Find the line holding "Protokoll der Verhandlungen" in the entries below. Give it again exactly, along with every line after it up to and including the line holding "Schwarzer Regenschirm mit".

**Material for this task**
====================
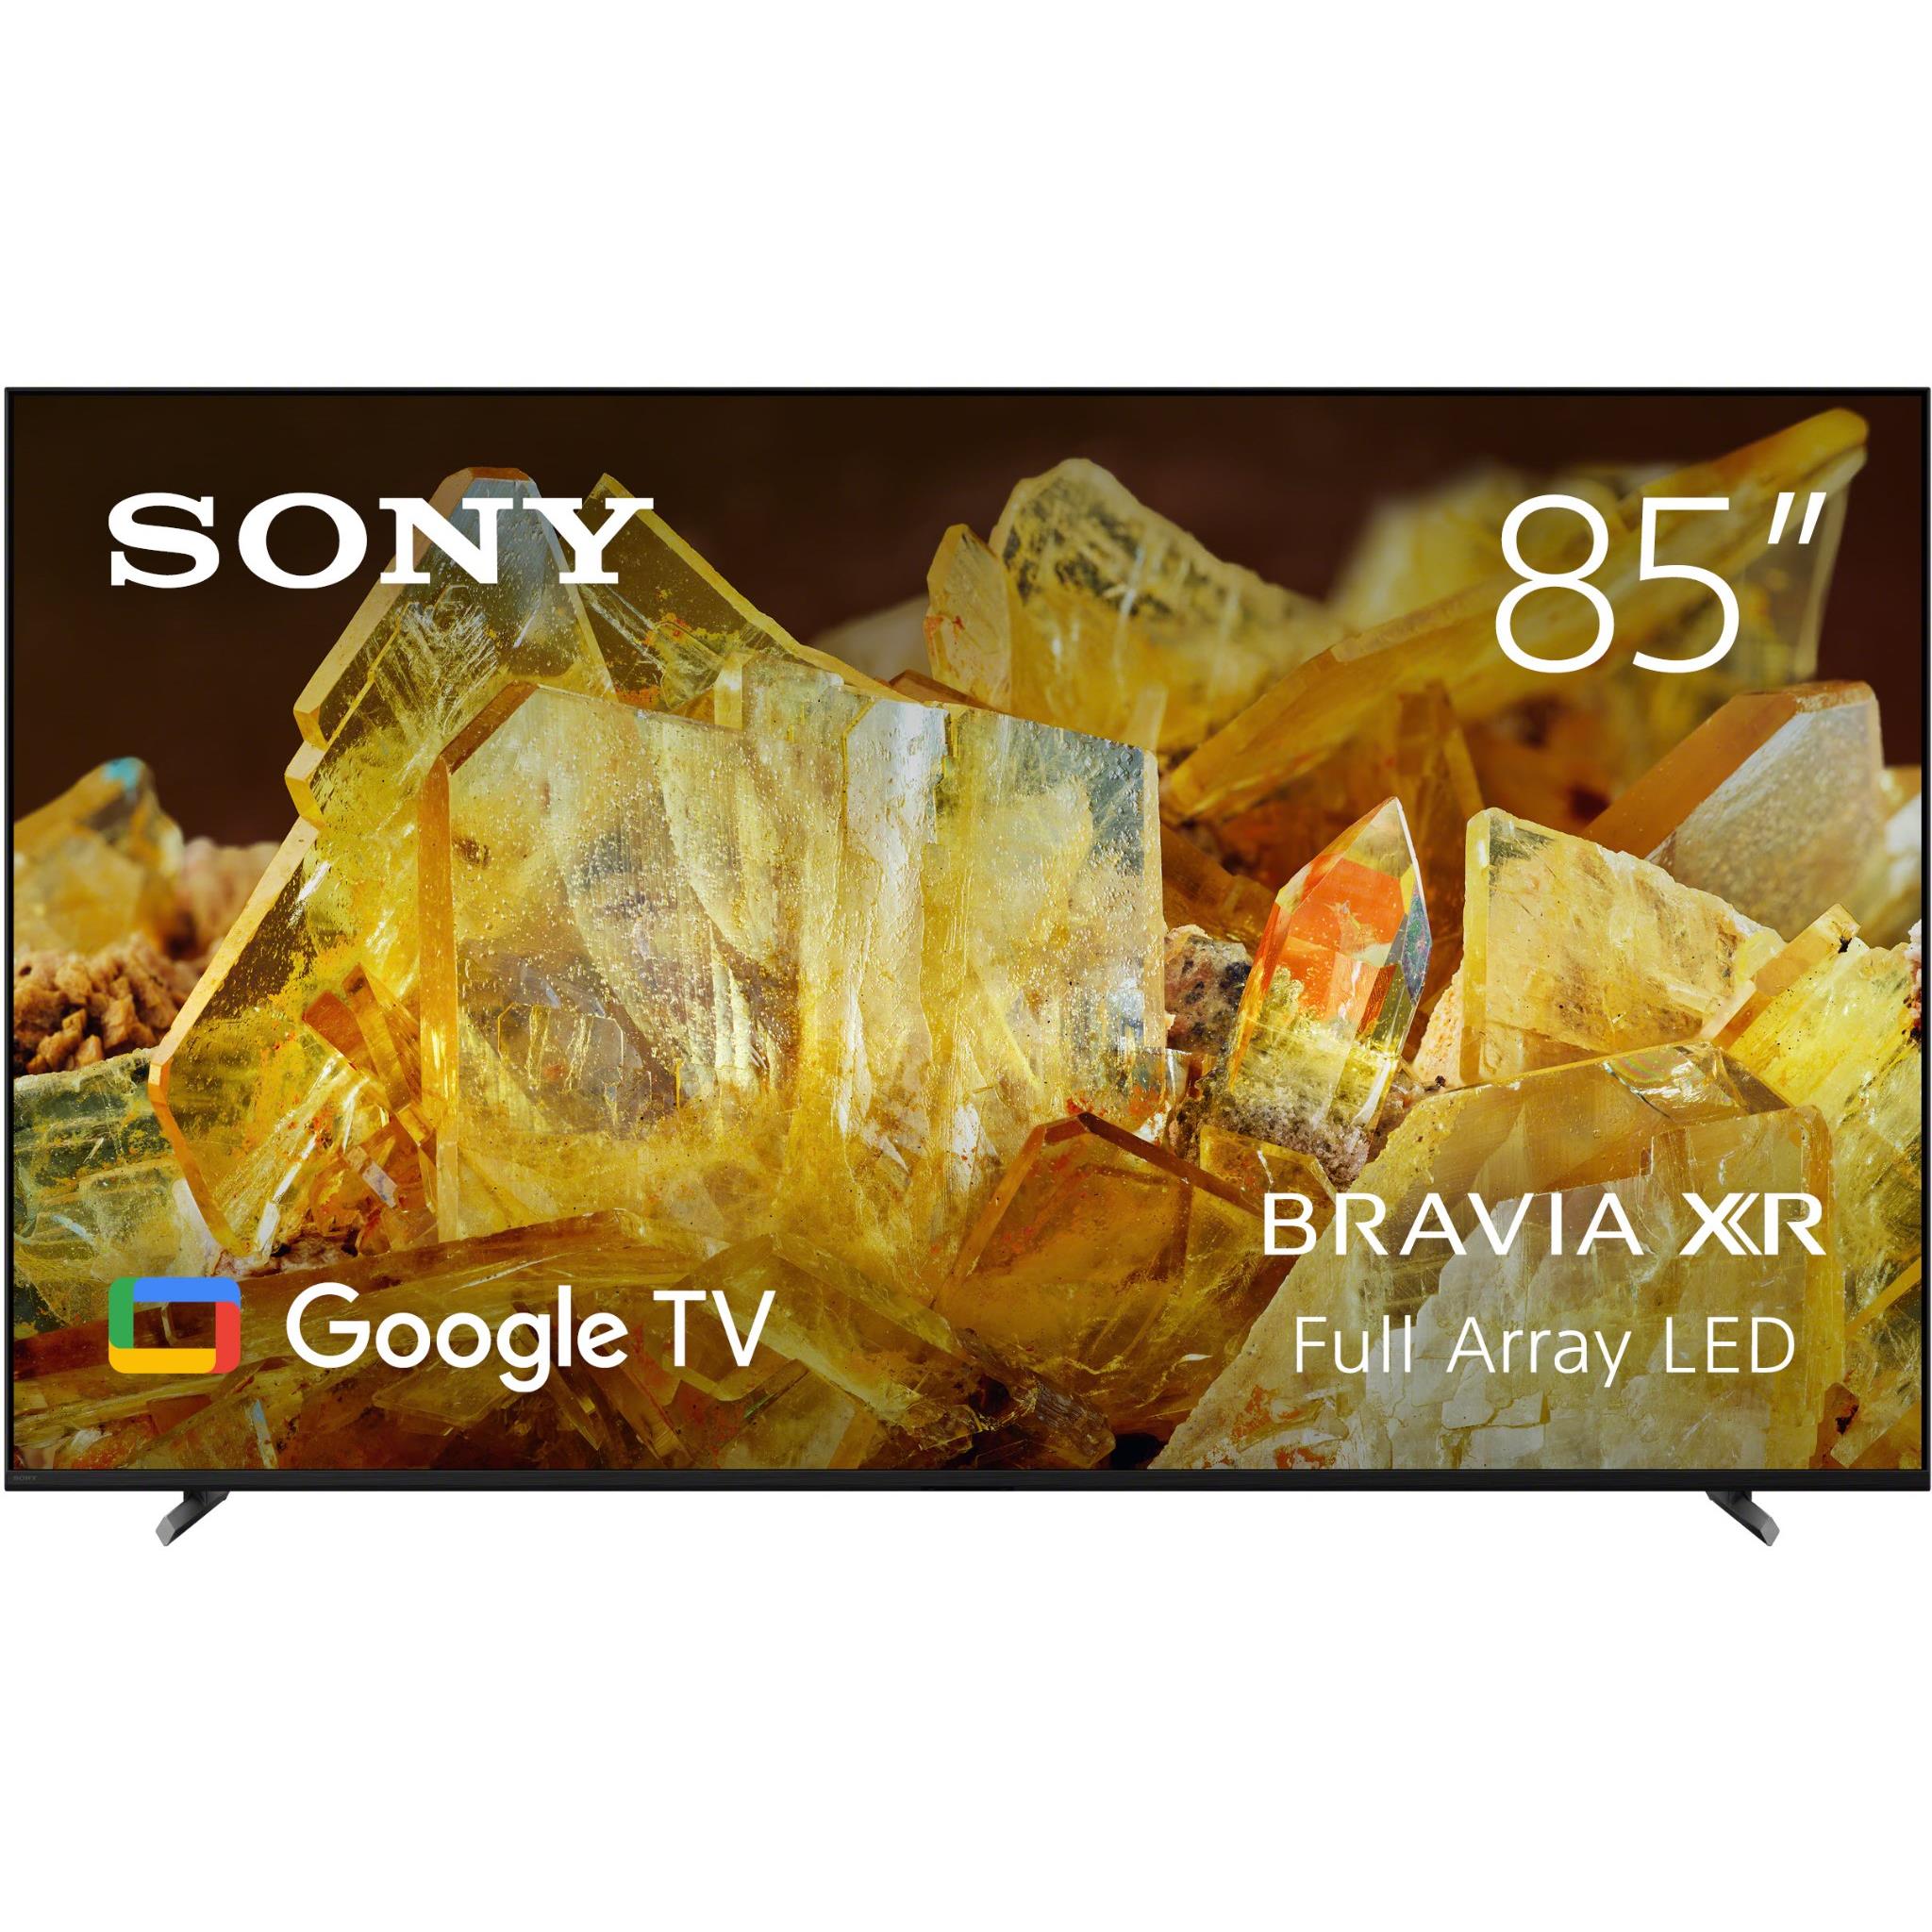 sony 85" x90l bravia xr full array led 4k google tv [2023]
====================
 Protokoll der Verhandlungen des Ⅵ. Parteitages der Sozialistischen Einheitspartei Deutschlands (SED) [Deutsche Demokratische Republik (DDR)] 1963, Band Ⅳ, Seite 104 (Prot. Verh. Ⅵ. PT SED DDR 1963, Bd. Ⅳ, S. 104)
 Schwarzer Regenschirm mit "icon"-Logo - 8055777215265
====================
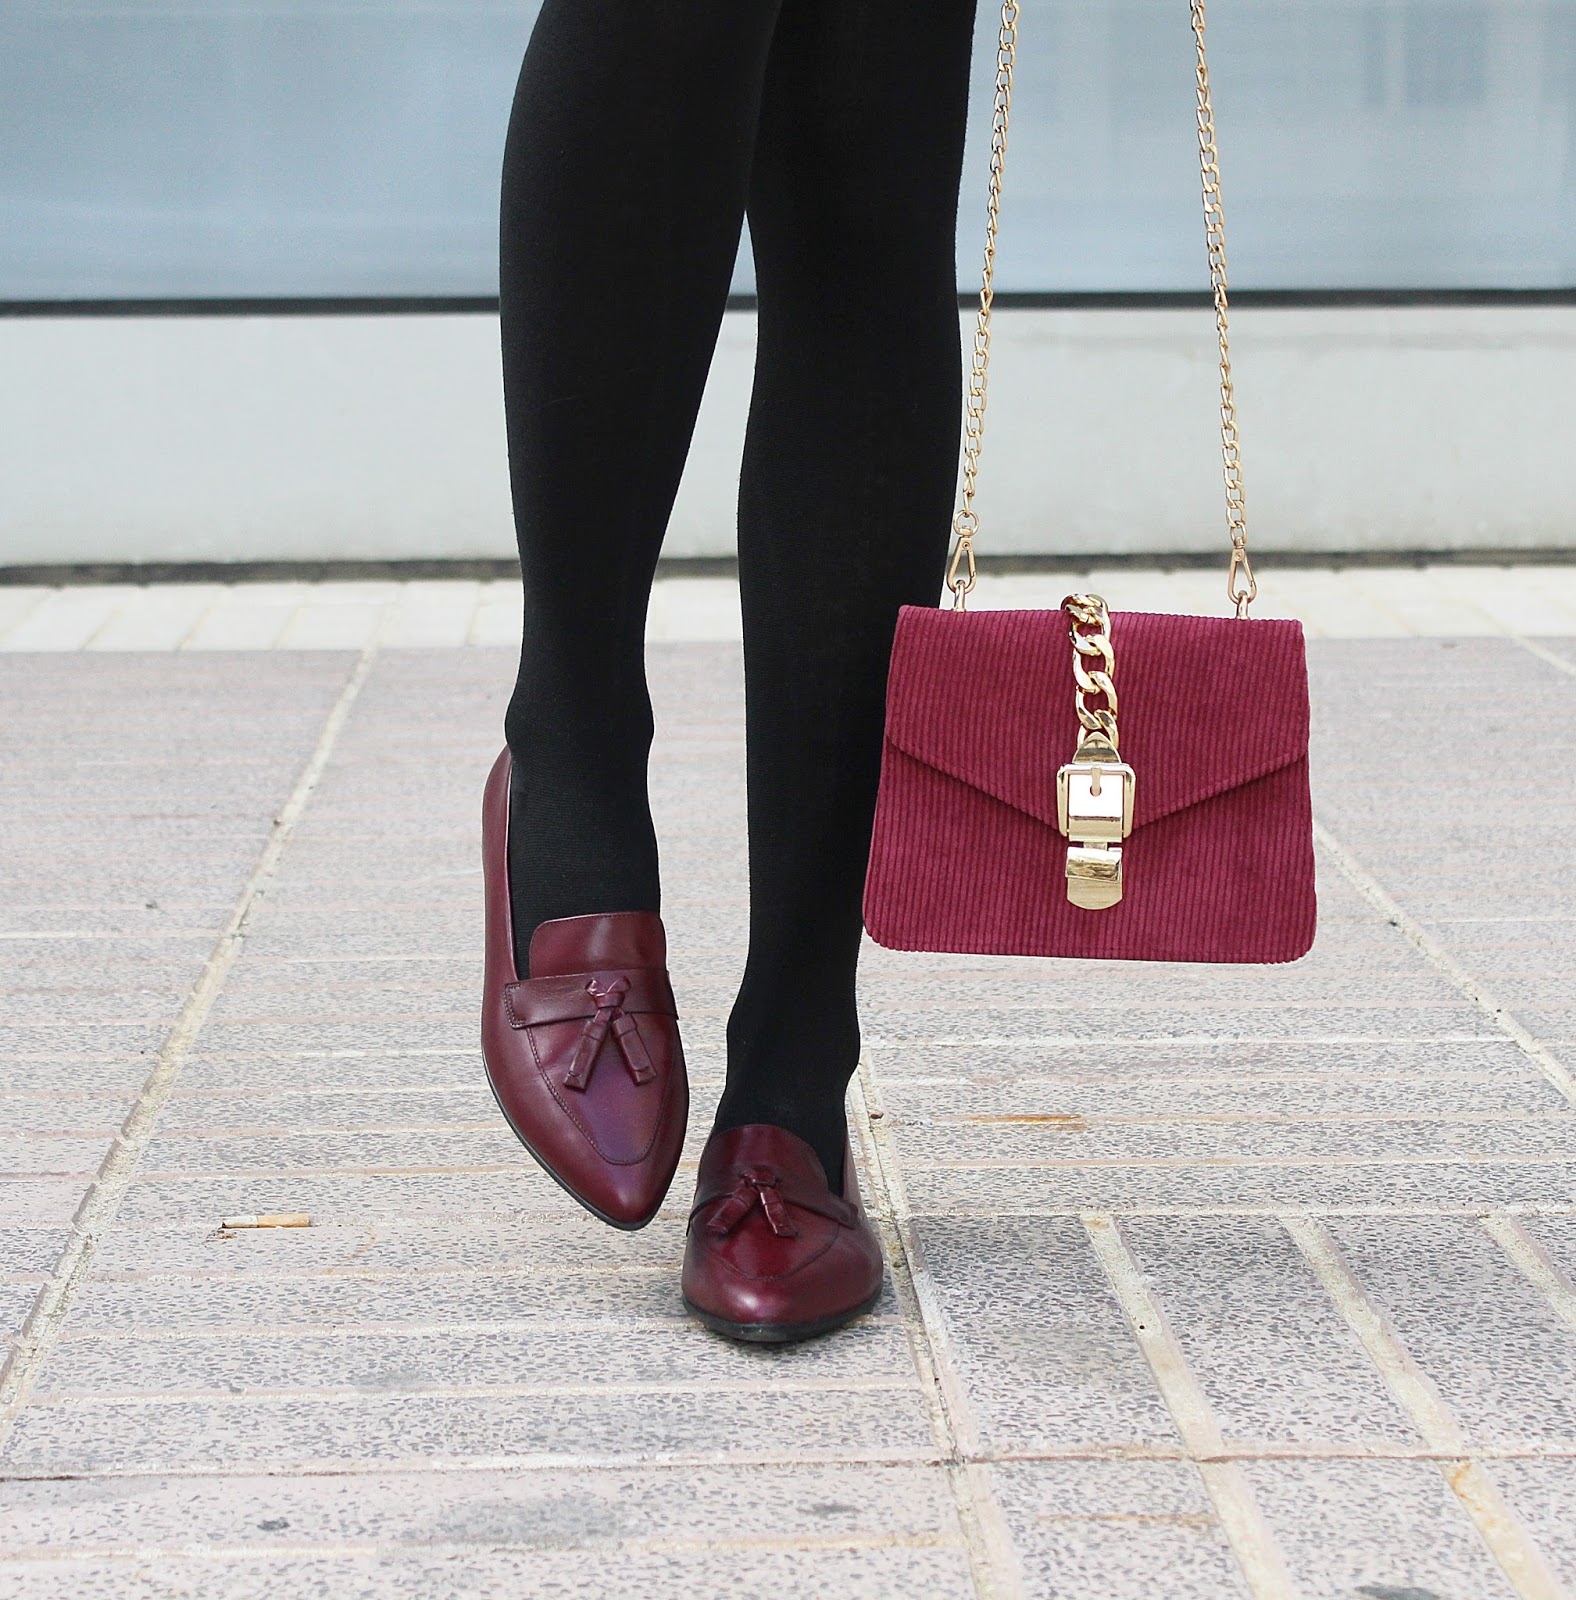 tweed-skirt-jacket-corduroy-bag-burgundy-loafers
====================
**Output of the exercise**
 Protokoll der Verhandlungen des Ⅵ. Parteitages der Sozialistischen Einheitspartei Deutschlands (SED) [Deutsche Demokratische Republik (DDR)] 1963, Band Ⅳ, Seite 104 (Prot. Verh. Ⅵ. PT SED DDR 1963, Bd. Ⅳ, S. 104)
 Schwarzer Regenschirm mit "icon"-Logo - 8055777215265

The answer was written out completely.